Hawaii has more beautiful beaches and better weather than most parts of the United States, but when it comes to Internet service, the options are limited. As idyllic as it seems to unplug the phone and forget about checking the email, technology is still important, and everyone in Hawaii needs to stay connected. Finding a reliable Internet connection is even a problem for many tourists and timeshare guests. Nearly 10 years ago, travelers were importing remote dial-up access numbers to use while vacationing, and the whole world knows how slow dial-up is for everyday use. Fortunately, there are a few more Internet options available in paradise today.
DSL and Dial-up
DSL and dial-up are only available if you have a local landline. Homeowners with properties that are too far away from telecom stations won’t be able to get DSL and won’t have the same bandwidth or reliability. The Hawaiian Islands have been connected to the mainland since the early 1900s when the first trans-pacific telecommunications cables were installed. Although these lines have been upgraded and replaced, they aren’t exactly outstanding. In most areas, Hawaii Internet speed for DSL is up to 7 Mbps. With DSL and cable, Internet speeds depend on your proximity to local telecommunications systems.
Cable & Fiber Internet
If you get cable TV, you can also enjoy the benefits of high-speed Internet. Unfortunately, these services aren’t available everywhere. Standard cable Internet service will give you excellent bandwidth. If you have access to fiber-optic cable, your bandwidth will be greater, and your service will be more reliable in adverse weather. Speeds for basic cable Internet are typically comparable to a high-speed DSL connection. Supercharged speed upgrades that can boost bandwidth significantly are also available. With fiber-optic cable, Internet speeds are typically twice as fast. Some Internet providers also give customers access to free Wi-Fi service in selected hot spots.

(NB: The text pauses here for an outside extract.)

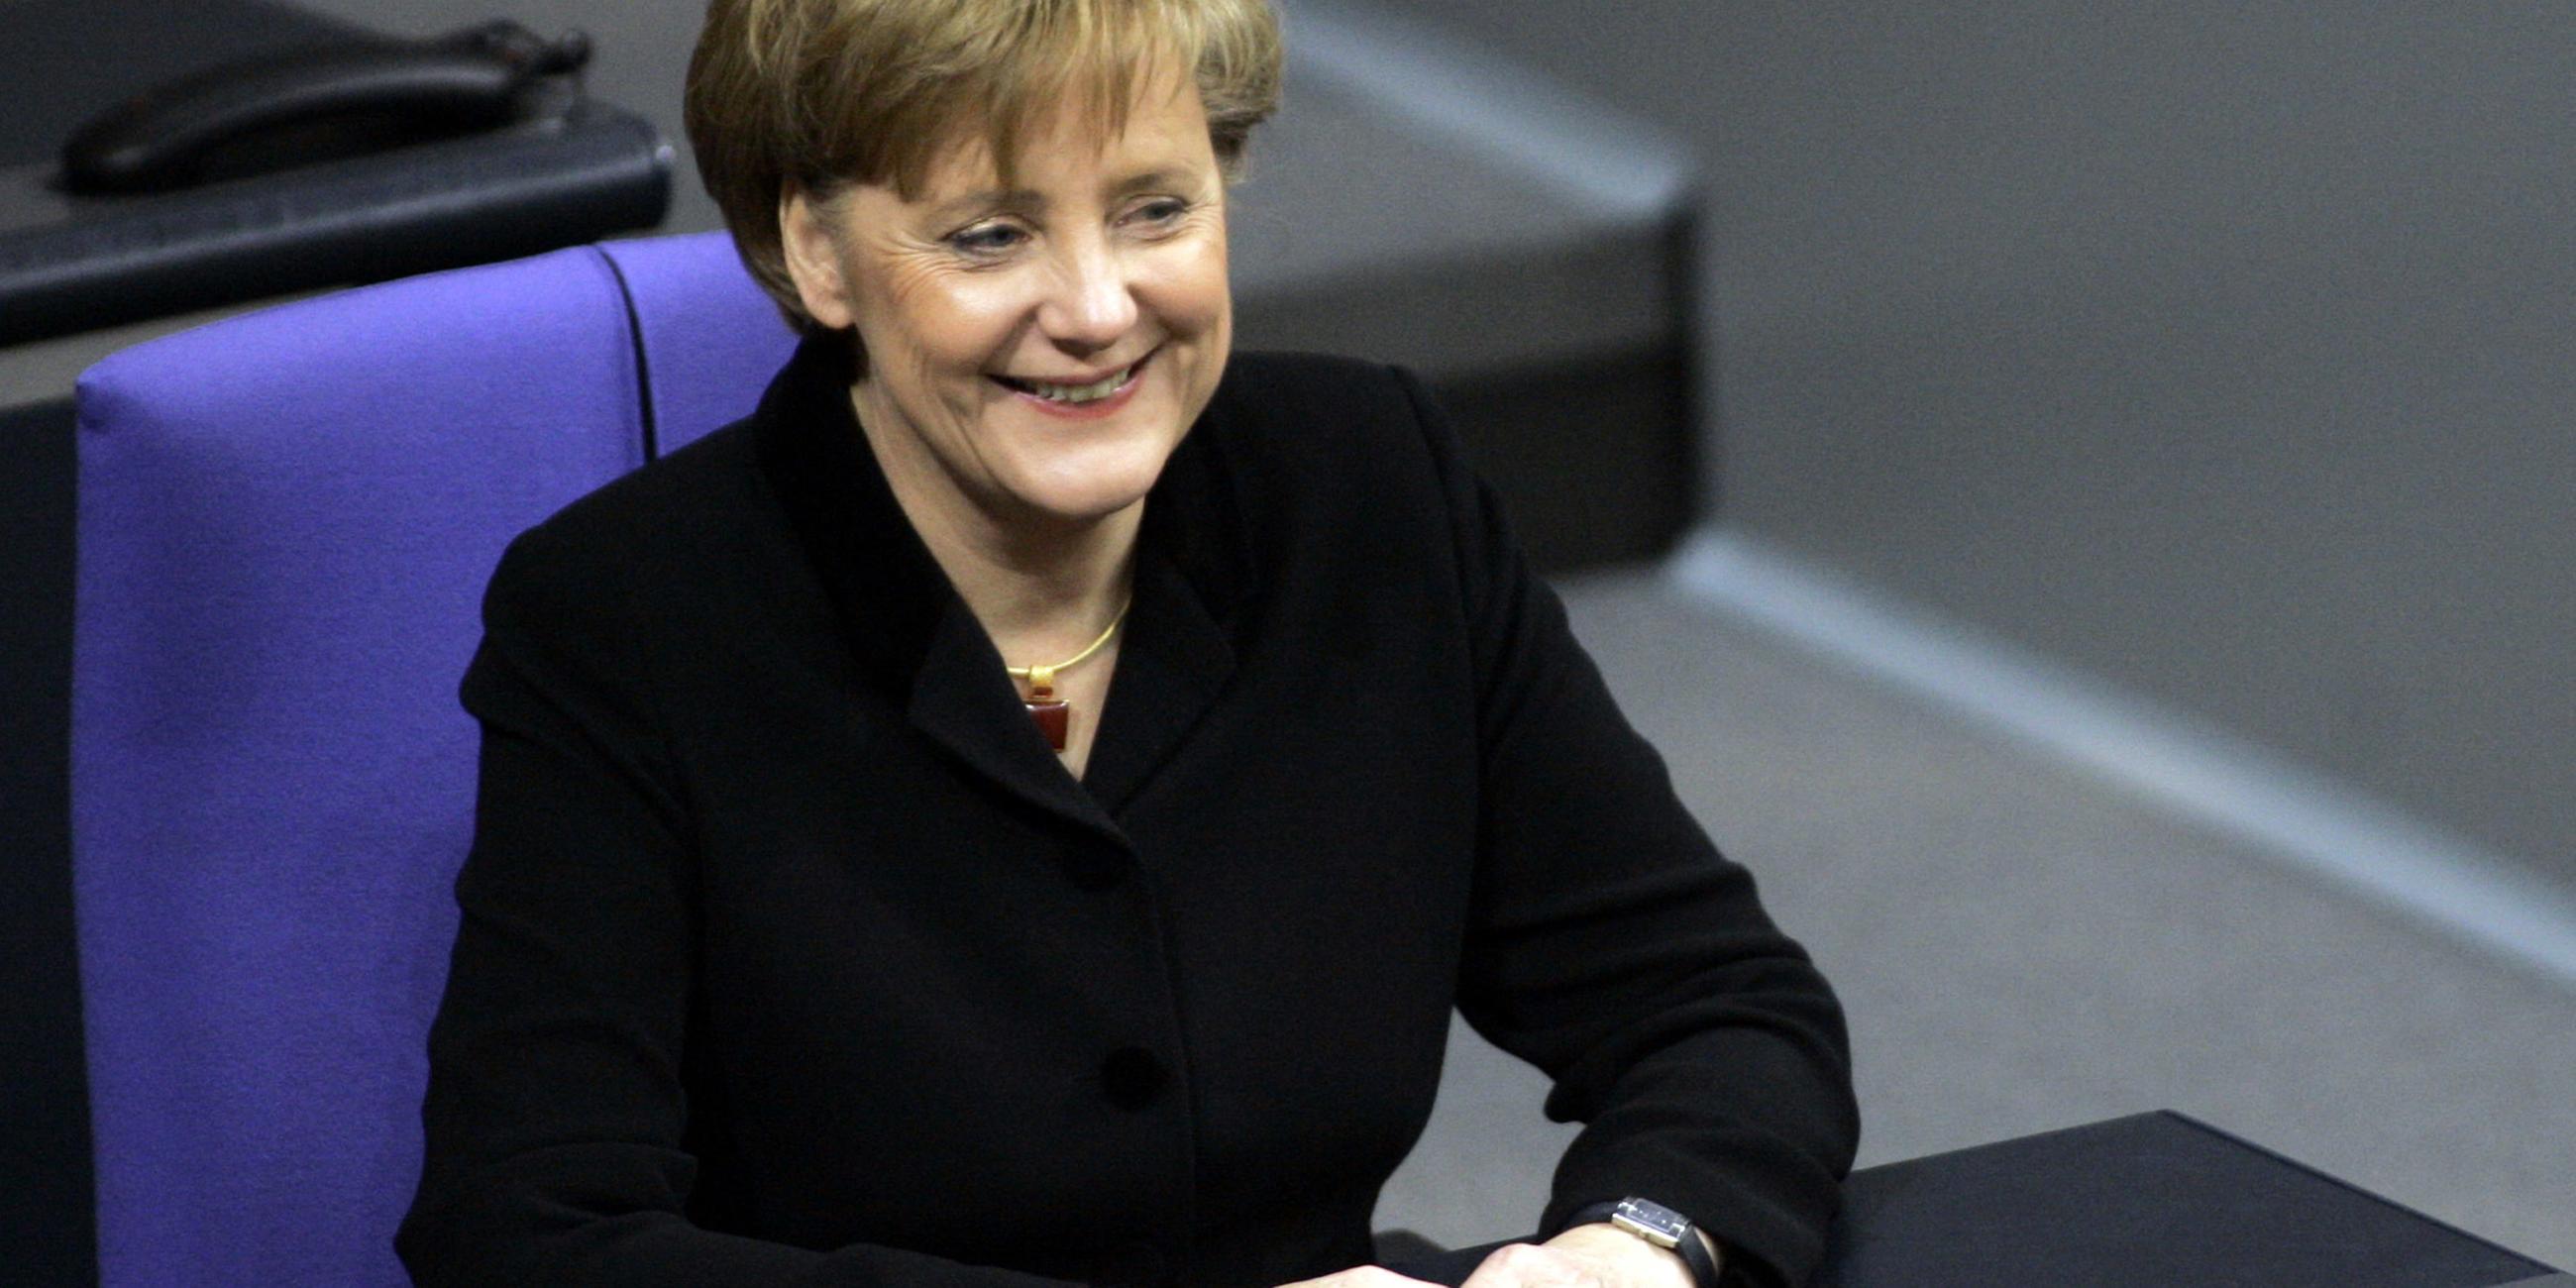 Archiv: Angela Merkel am 22.11.2005 in Berlin

Wireless Internet is a popular option for people who live and work in populated areas. With a Hawaii phone and wireless Internet provider, subscribers can operate devices at home or on-the-go using the same connection. Unfortunately, it’s very difficult to get complete coverage even on Oahu, and service on Lanai or Molokai is virtually nonexistent. If you’re considering wireless Internet, remember that most parts of Hawaii use second and third generation technology and only a few areas have 4G capabilities.

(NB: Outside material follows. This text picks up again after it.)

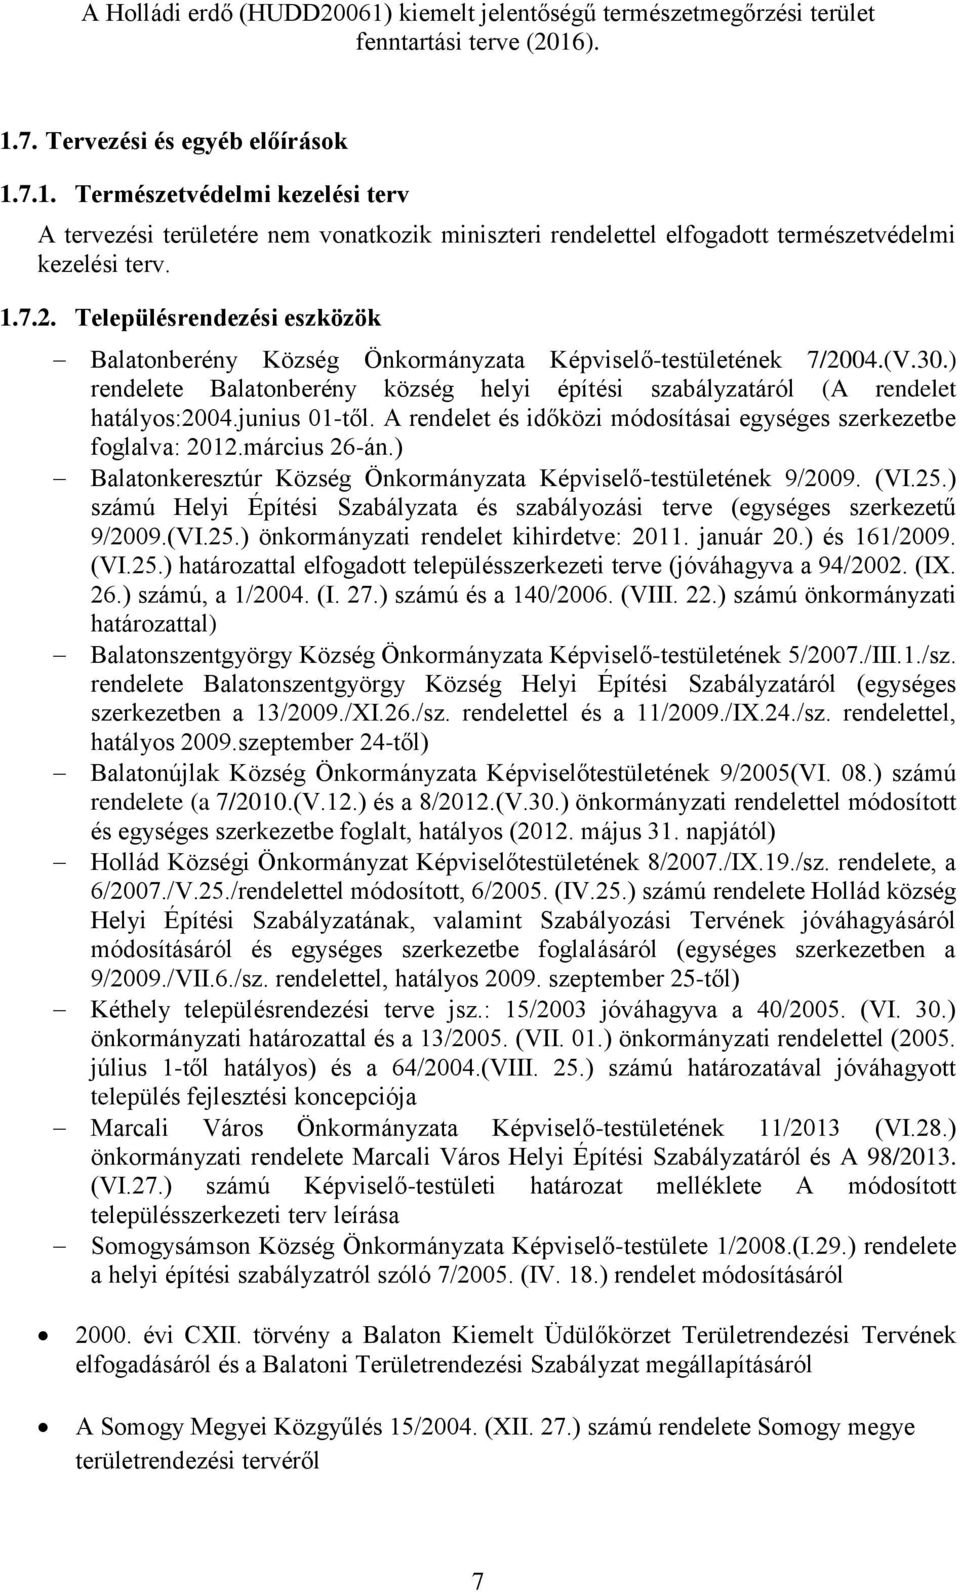 junius 01-től. A rendelet és időközi módosításai egységes szerkezetbe foglalva: 2012.március 26-án.) Balatonkeresztúr Község Önkormányzata Képviselő-testületének 9/2009. (VI.25.

In cases where residents are too far from their local cable or telephone systems to receive a strong signal, satellite Internet is a convenient option. The average Hawaii Internet speed for satellite connections is 10 times faster than dial-up, but it’s generally not possible to stream videos or complete other high-bandwidth activities.

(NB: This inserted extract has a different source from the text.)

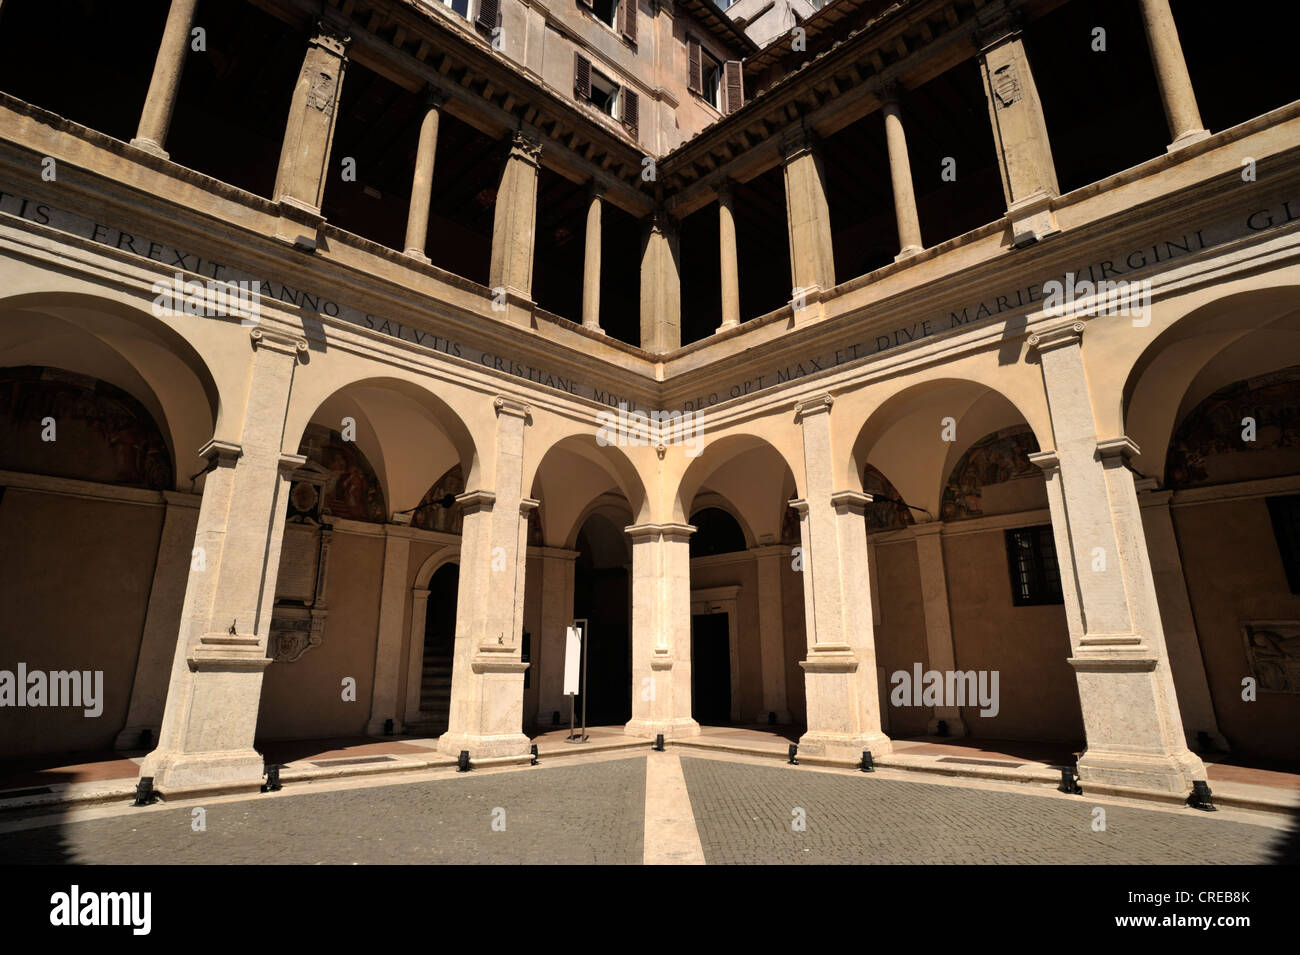 italia, roma, chiostro del bramante, santa maria della pace, claustro renacentista Foto de stock

If the Internet is a requisite part of your personal paradise, take the time to pick the best service option for you. Things that are important to consider are how you use the Internet, where you use it and how often you use it. If you have a landline, you can ask your Hawaii phone provider if Internet service or package bundles are available. In Hawaii, you might not be able to get the Internet option that you prefer, but that’s part of living in paradise.